Talita conta ainda que o pai emagreceu quase 30 kg após a longa internação e que os familiares ficaram surpresos ao ver José a mudança quando vieram ele saindo do hospital.
“A gente acredita que ele perdeu quase 30 kg, se não mais. Ele saiu do hospital com 74 kg e deu entrada com 100 kg. Quando conseguimos ver ele pela primeira vez assustamos. A coloração da pele mudou por conta dos remédios, e ele emagreceu muito. Ele sempre foi forte e agora as pernas estão finas e conseguimos ver os ossos”
José, mais conhecido pelos amigos como “Galo”, agora em casa terá que ter muita paciência para se adaptar a essa nova realidade e conseguir se recuperar, mas sabendo que pode contar com todo o apoio da família e dos amigos.
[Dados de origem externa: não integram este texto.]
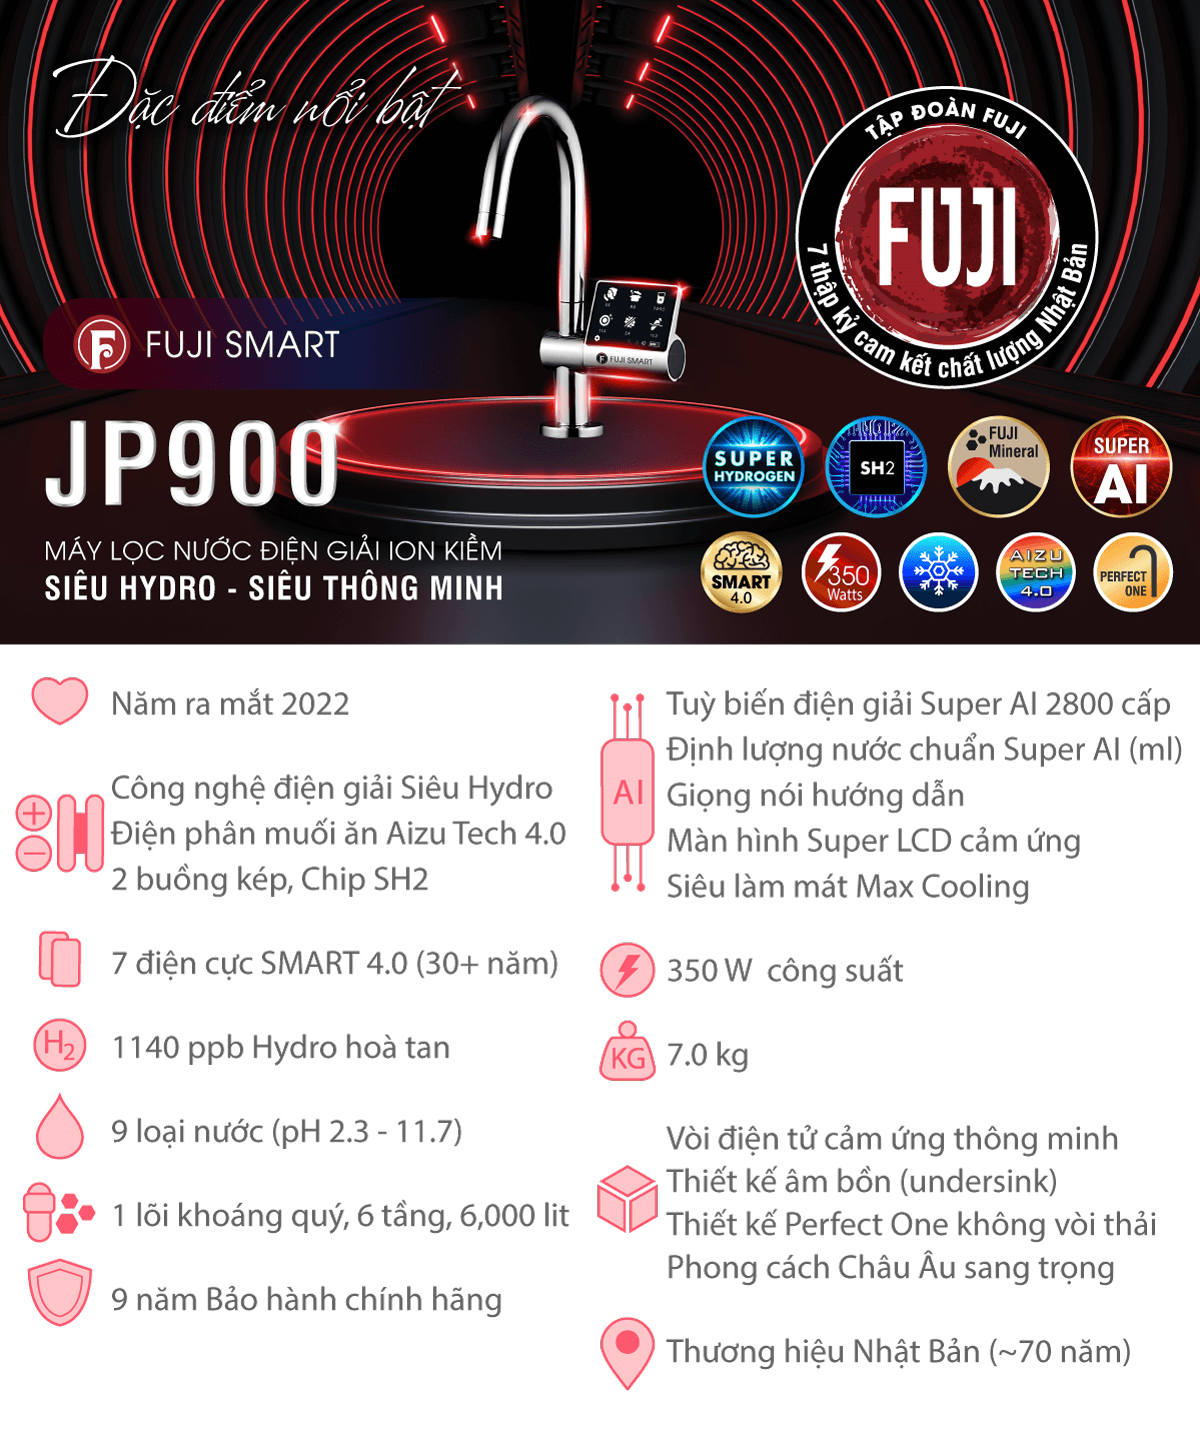 Fuji Smart JP900 hội tụ tinh hoa công nghệ điện giải

Talita, a irmã Daniela, e o próprio José fizeram até mesmo uma promessa para a sua recuperação.
“Ele ainda fica confuso, acha que tem que trabalhar e a médica ainda não sabe se isso vai ser uma sequela do AVC. Ele pede para levantar, para sair, mas a gente pede paciência, porque tem que ir aos poucos. A recuperação está sendo boa, até a fisioterapeuta falou.”
E completa emocionada. “Muitas vezes a resposta era que ele não iria sair e nada daria certo e a gente disse que quem falaria isso era Deus. Ele fez promessa porque é devoto de Nossa Senhora de Aparecida e eu prometi com minha irmã que vamos descer e subir aquela passarela de joelhos.”